When Abogo sits down behind his desk in the Ethiopian capital, Addis Ababa, at that time these and others will be in the in-tray. A former minister of finance and economy in his endemic Equatorial Guinea and, more recently, country manager for the African Development Bank Group in Mozambique, Abogo comes to the job clear-eyed about the task.
Abogo’s second item on his list is priorities to set out some focus areas for his next three-year term. Several focus areas mean the secretariat can have much more effort on those specific areas than it can while it expends itself too thin. Among three organizations, Abogo is looking at publicizing expanded synergy.
Enhanced synergy means, for example, in the future the AUC will not have to combat to get the information it needs to evaluate the effectuation of its ongoing Agenda 2063 when Africa Development and UNECA have so much of it.
In 1989, at that time, the idea of having a joint secretariat was first mooted, although until 2010, the three organizations determined to execute it wasn’t fully.
Harmoniously effort for higher effect, which will reduce replication and assure a coordinated. Certainly, abstractly, three agendas are harmonized; the African Development Bank’s High Fives are a catalyst for both Agenda 2063 and the SDGs.

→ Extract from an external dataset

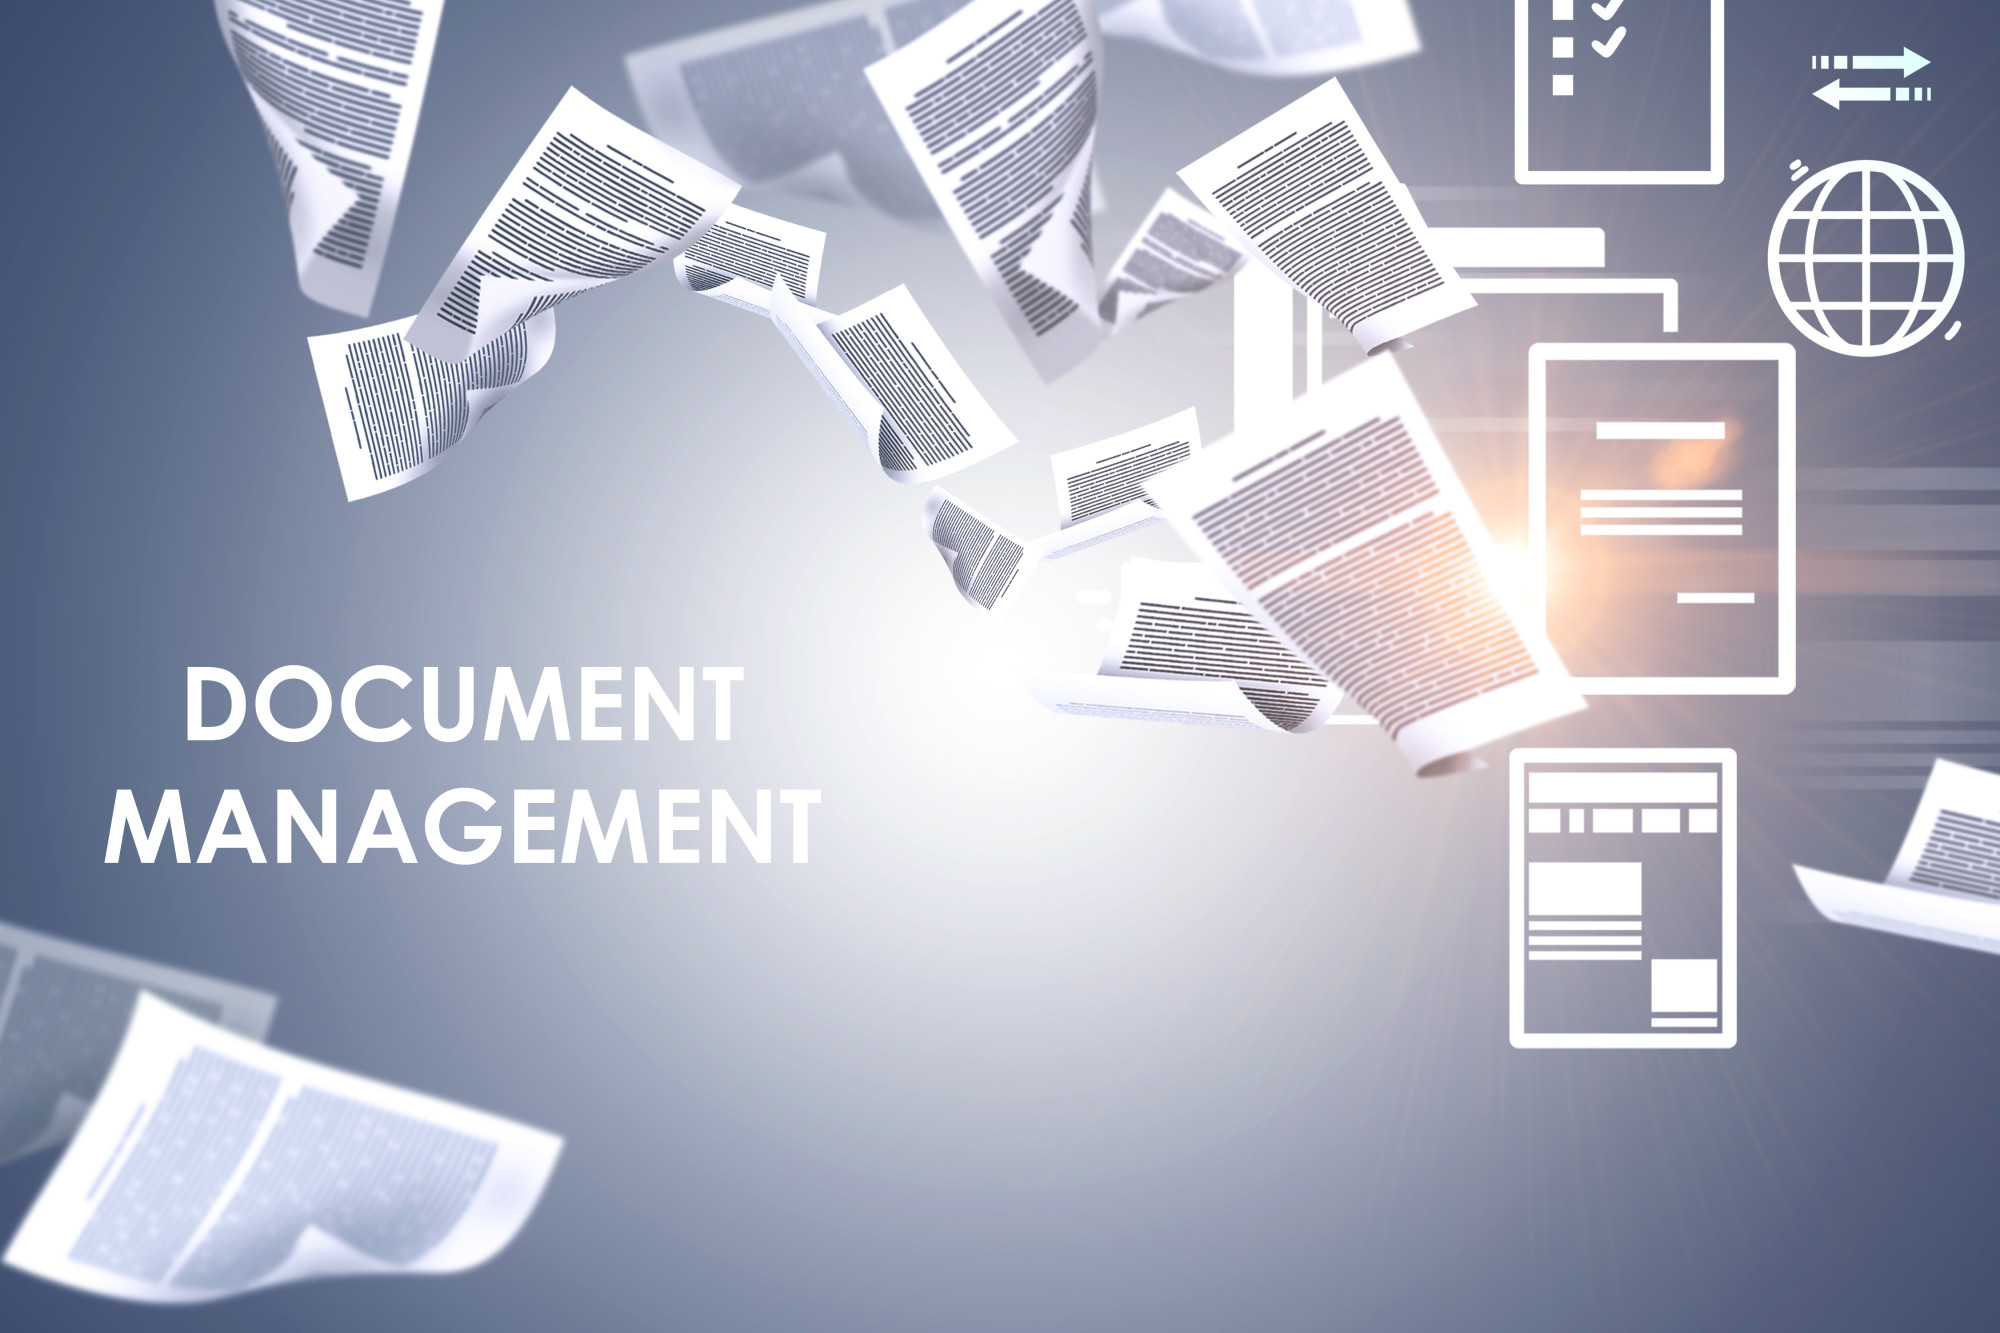 document management system

The secretariat executes through five technical working groups. They feature one for agriculture, food security, industry, and trade, Agenda 2063, and another for infrastructure and energy. All these working groups cooperate with the relevant units from three principal organizations to ensure they work off the same page.
Abogo assumes agreements are possible as “they all speak the same language and operate in pretty much the same environment.”
Across the continent would serve as another sign of improvement, which Abogo assumes is developed domestic resource mobilization. However, depending on international organizations to fill the gap in their allocation and fund development, African nations have long sacrificed to generate sufficient local resources. The obstacles are highly attributed to illicit financial outflows, which prevent countries from fully capitalizing on their resources and inhibit governments.
Eventually, he desires his leadership to convey synergies and a convergence of different viewpoints.